Iran : Amnesty accuse le régime islamique de « crimes contre l’humanité »
Amnesty International accuse les autorités iraniennes d’avoir organisé une répression systématique contre le mouvement « Femme, vie, liberté » en 2022.
Publié par A.G.
Résumé de l'article
En documentant les tirs dans la foule, les exécutions à bout portant, la torture, les viols et les disparitions forcées de 2022, Amnesty décrit un appareil répressif piloté au sommet de la République islamique, dont l’impunité aurait permis les massacres de janvier 2026, évalués de plusieurs milliers à plus de 30.000 morts selon des sources encore impossibles à départager.
Meurtres, torture, viols, disparitions forcées et persécution de minorités auraient été mis en œuvre jusque dans les plus hauts niveaux de l’État. L’ONG estime que cette impunité a ouvert la voie aux massacres, bien plus meurtriers encore, de janvier 2026.
Le rapport de plus de 1.000 pages, publié mercredi à l’occasion du quatrième anniversaire de la mort de Mahsa Amini, repose sur 270 témoignages, plus de 2.000 vidéos et de nombreux documents officiels ou judiciaires.
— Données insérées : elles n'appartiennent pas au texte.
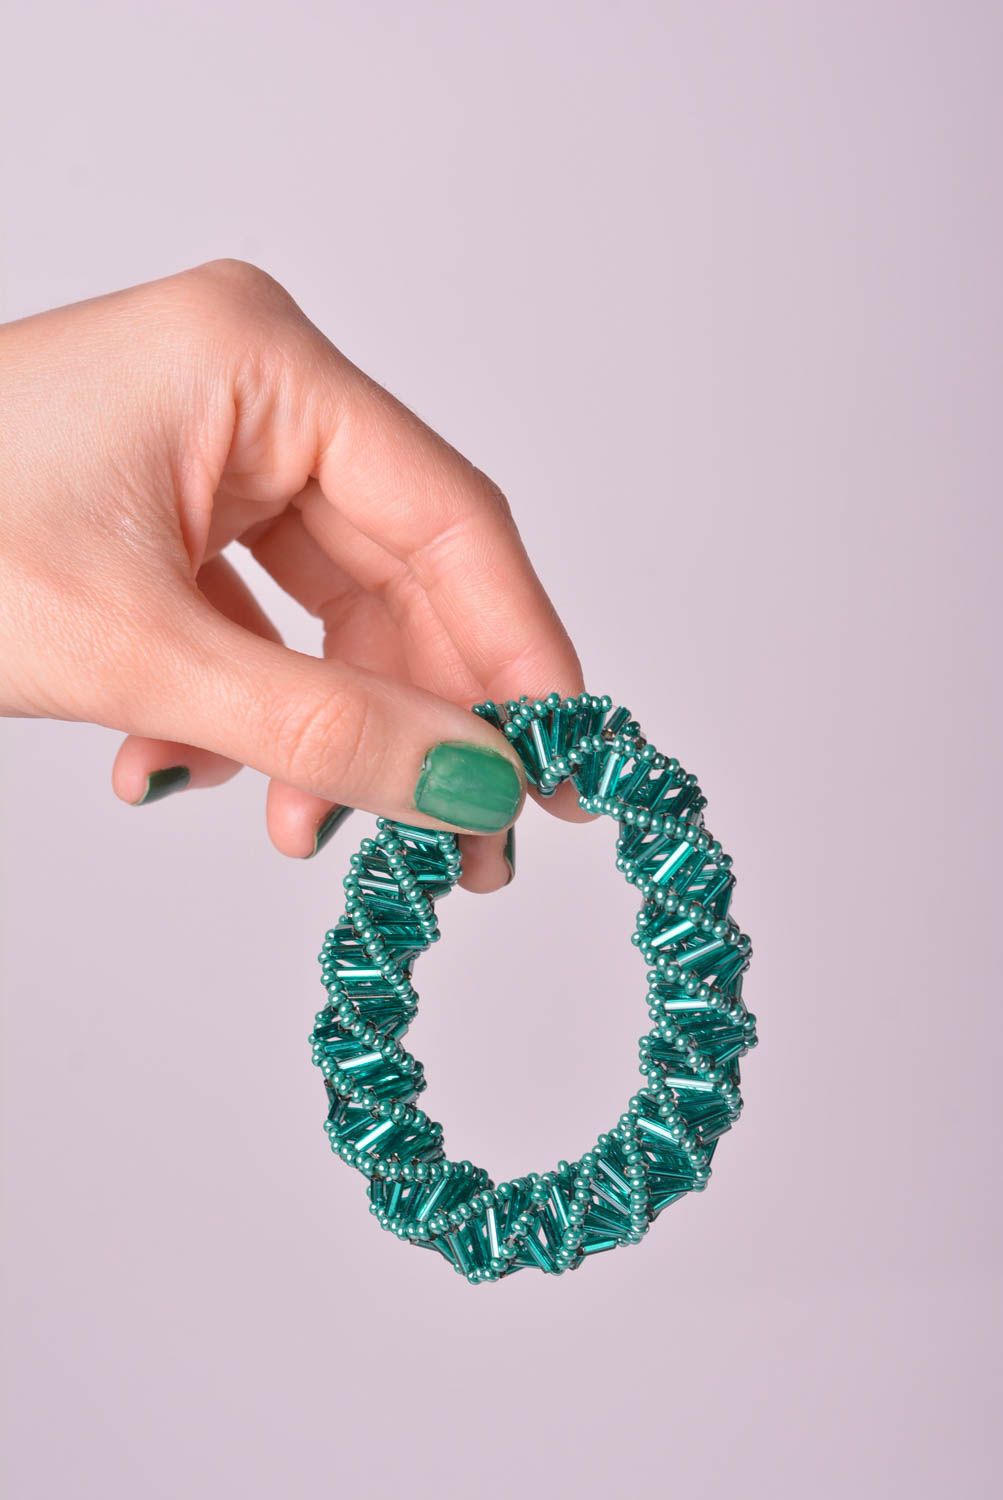 Браслет из бисера хэнд мэйд модный браслет зеленый стильное украшение из бисера фото 2
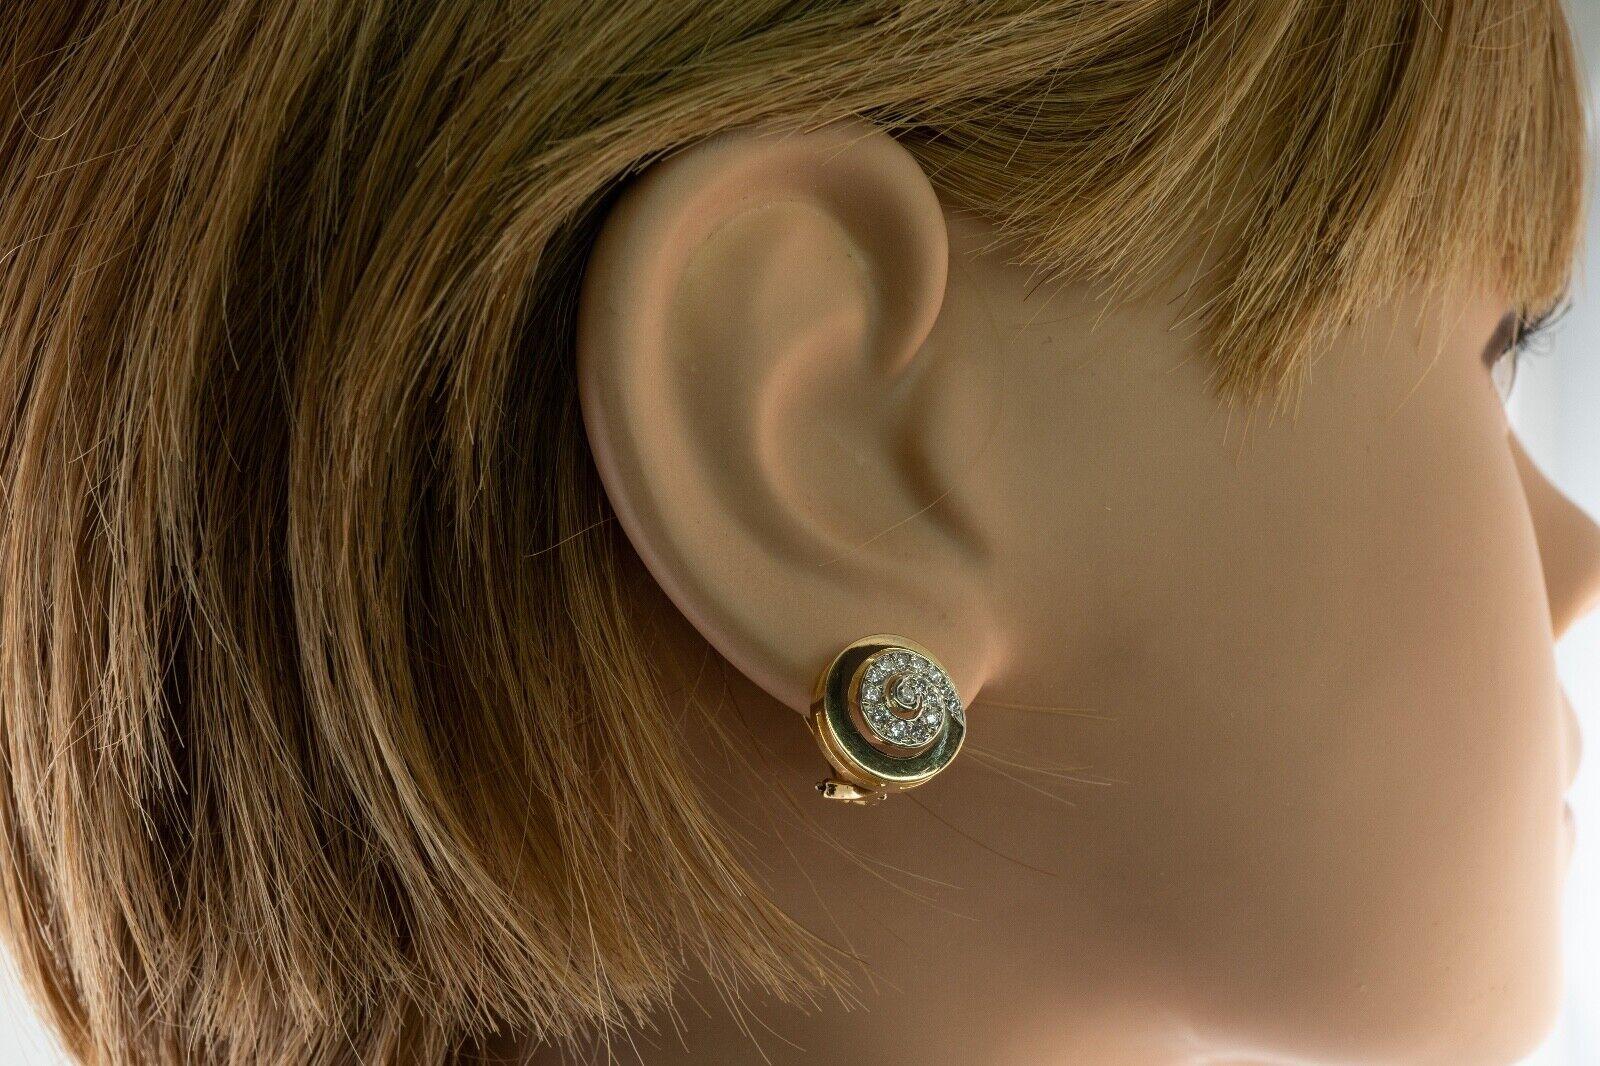 Women's Swirl Spiral Diamond Earrings Ivan & Co. Clips 18k Gold For Sale

Amnesty conclut que la République islamique a mené une « attaque généralisée et systématique » contre une population civile qui réclamait davantage de libertés et la fin du régime théocratique.
Tirs dans la foule et exécutions à bout portant
Selon Amnesty International, les Gardiens de la révolution, la police et les miliciens du Bassidj ont tiré à balles réelles et à la chevrotine métallique sur des rassemblements, poursuivi des manifestants en fuite et abattu à bout portant des personnes non armées.
Des documents ayant fuité font état d’ordres exigeant une réponse « ferme et sévère ». Une instruction demandait même aux forces de sécurité de « répondre sans pitié et d’aller jusqu’à provoquer la mort ».
Amnesty a documenté la mort de 377 manifestants et passants, dont 56 enfants. Ce chiffre correspond aux cas que l’organisation a pu établir individuellement et ne constitue donc pas nécessairement le bilan complet de la répression. D’autres organisations de défense des droits humains ont avancé un bilan d’environ 550 morts pour le mouvement de 2022.